Redis cluster, which is officially launched by redis, has a new way. Instead of adopting the proxy scheme of centralized mode, it puts part of the request forwarding logic on the client and part on the server. They cooperate with each other to complete the request processing.
Redis cluster was launched in redis 3.0. The early rising redis cluster has not been widely promoted because it has not undergone strict testing and production verification. It is in this context that the industry has derived the above-mentioned centralized cluster solutions: CODIS and tweeproxy.
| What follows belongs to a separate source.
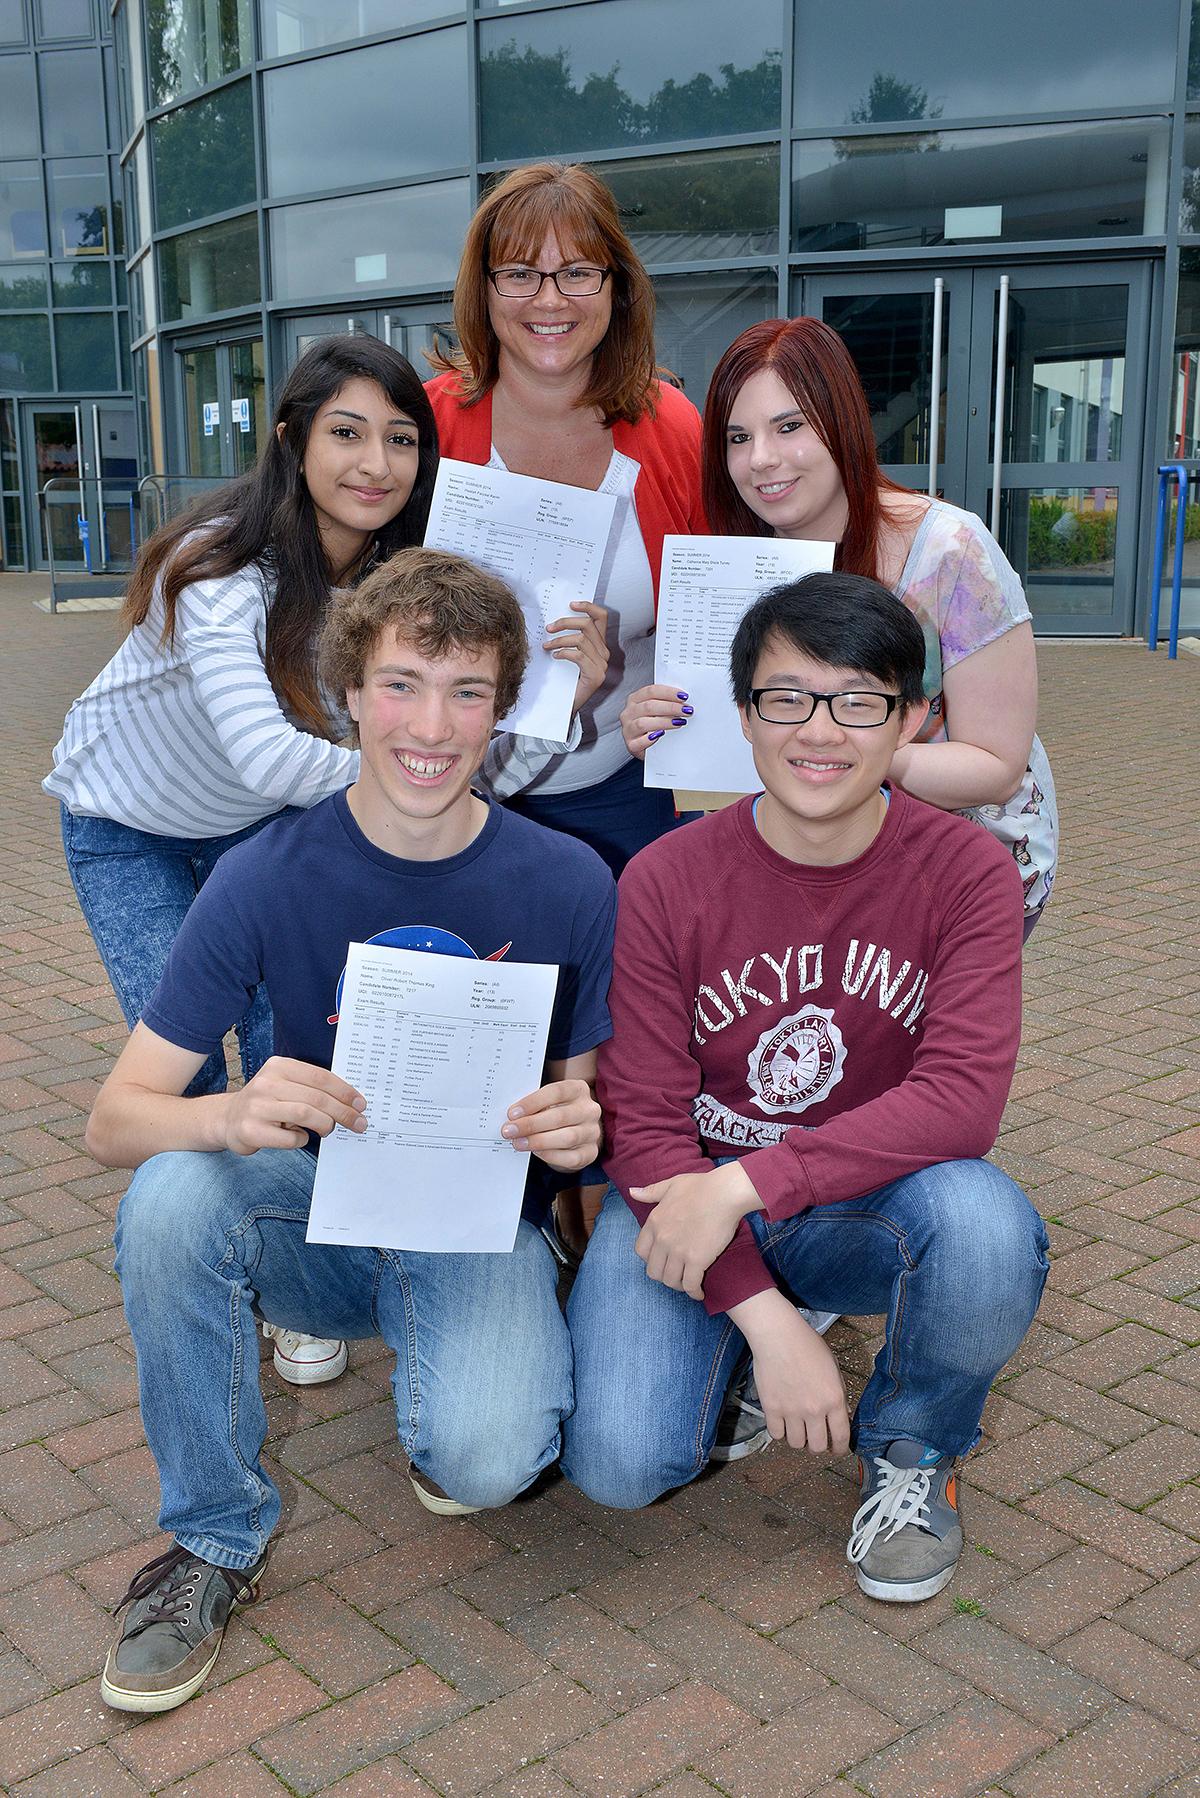 Pictures from around the counties school of student collecting their A-Level results

However, with the version iteration of redis, the official cluster of redis is becoming more and more stable, and more people begin to adopt the official clustering scheme. It is also because it is officially launched, so its continuous maintenance can be guaranteed, which has more advantages than those third-party open source solutions.
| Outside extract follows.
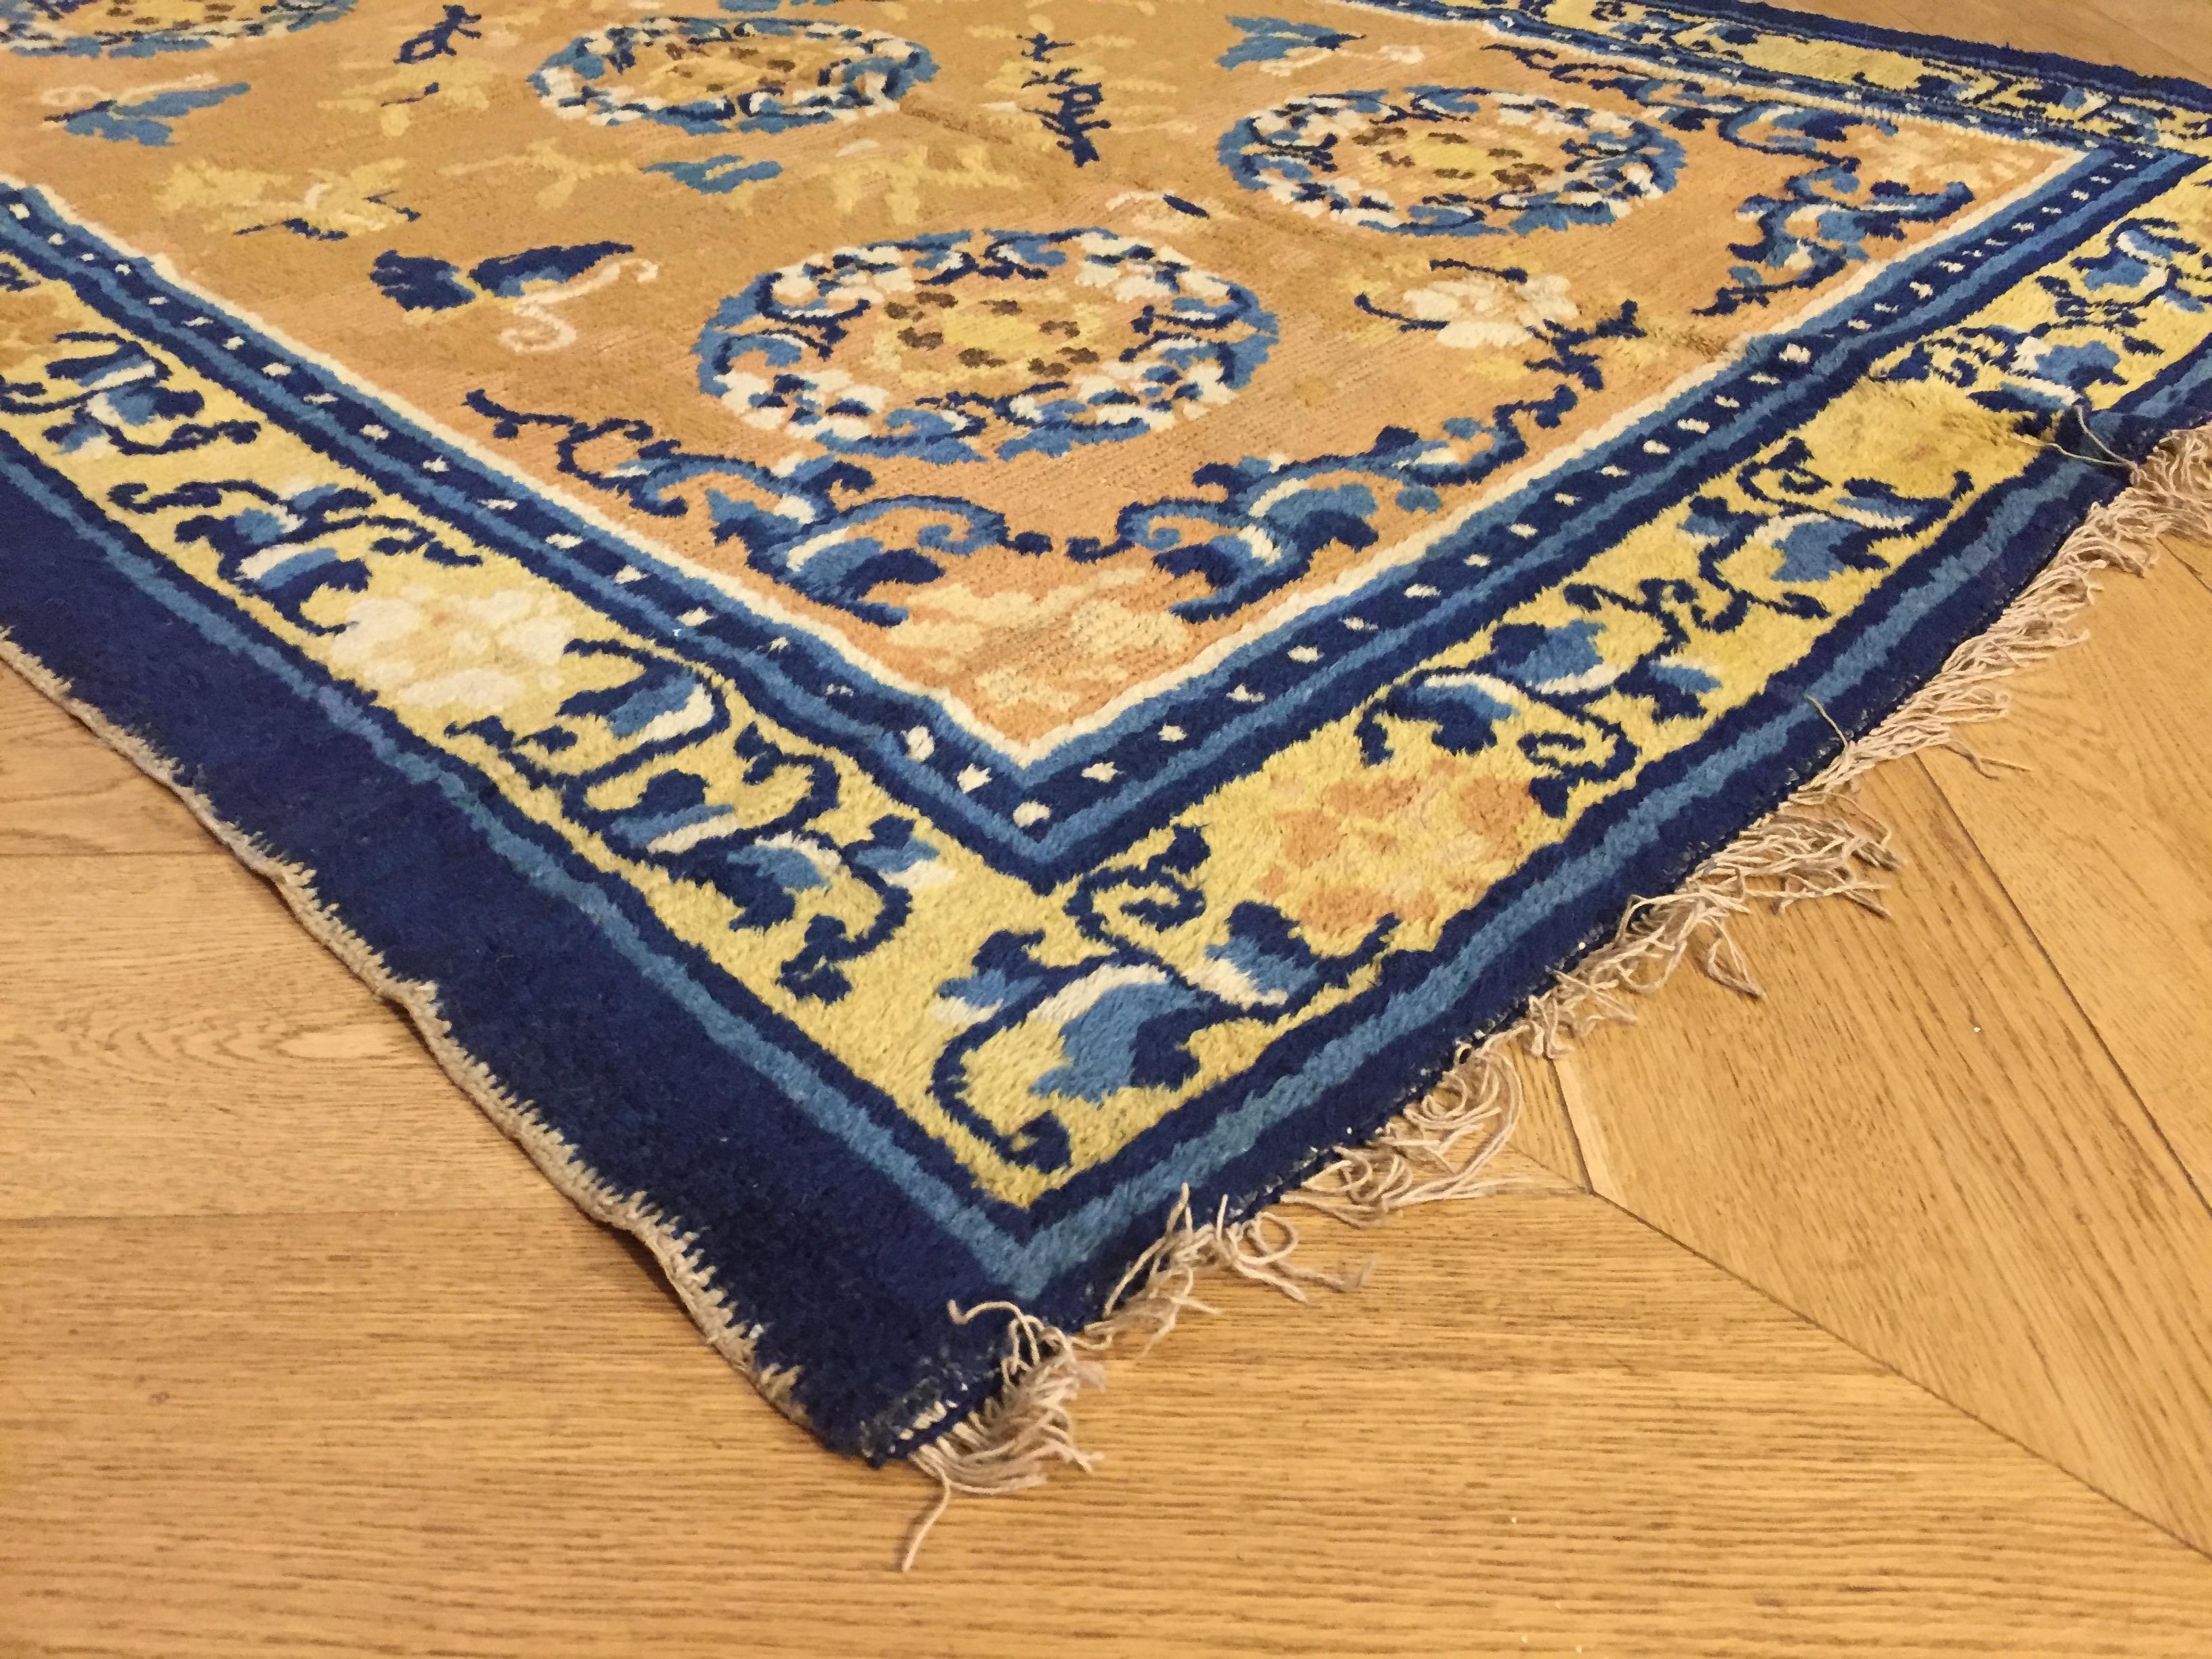 19th Century Chinese Ninxia Ocher Yellow Rug Fine Hand Knotted, Cotton and Wool For Sale 7

Redis cluster has no intermediate proxy layer, so how to forward the request?
Redis puts the logic of request forwarding in the smart client. To use redis cluster, you must upgrade the client SDK. The SDK has built-in logic of request forwarding, so business developers do not need to write forwarding rules themselves. Redis cluster uses 16384 slots to forward routing rules.
Without the proxy layer for forwarding, the client can directly operate the corresponding redis node, thus reducing the performance loss of the proxy layer forwarding.
Redis cluster also providesOnline data migration, node expansion and reduction, etcIn addition, it has built-in sentry function to complete automatic recovery of fault, which shows that it is a cluster integrating all functions. Therefore, it is very simple to deploy, it does not need to deploy too many components, and it is extremely friendly for operation and maintenance.
When redis cluster migrates node data, expands and shrinks capacity, it also deals with the request processing of the client. When the data accessed by the client happens to be in the process of migration, the server and the client make some protocols to inform the client to visit on the correct node and help the client revise its routing rules.
Although redis cluster provides the function of online data migration, its migration performance is not high. When large keys are encountered in the migration process, two migrated nodes may be blocked for a long time. Compared with CODIS, this function has better data migration performance. It’s good to learn about one first. Later, I will write some articles on the performance comparison between CODIS and redis cluster online migration functions.
Now more and more companies begin to use redis cluster, and the capable companies have carried out secondary development and customization on the basis of redis cluster to solve some problems existing in redis cluster. We look forward to the better development of redis cluster in the future.
After comparing these clustering solutions, let’s summarize them.
The mainstream clustering solutions in the industry are the above, and their characteristics and differences are briefly introduced. We can choose our own appropriate clustering solutions in the development process, but it is better to understand their implementation principles, and solve problems in the use process more calmly.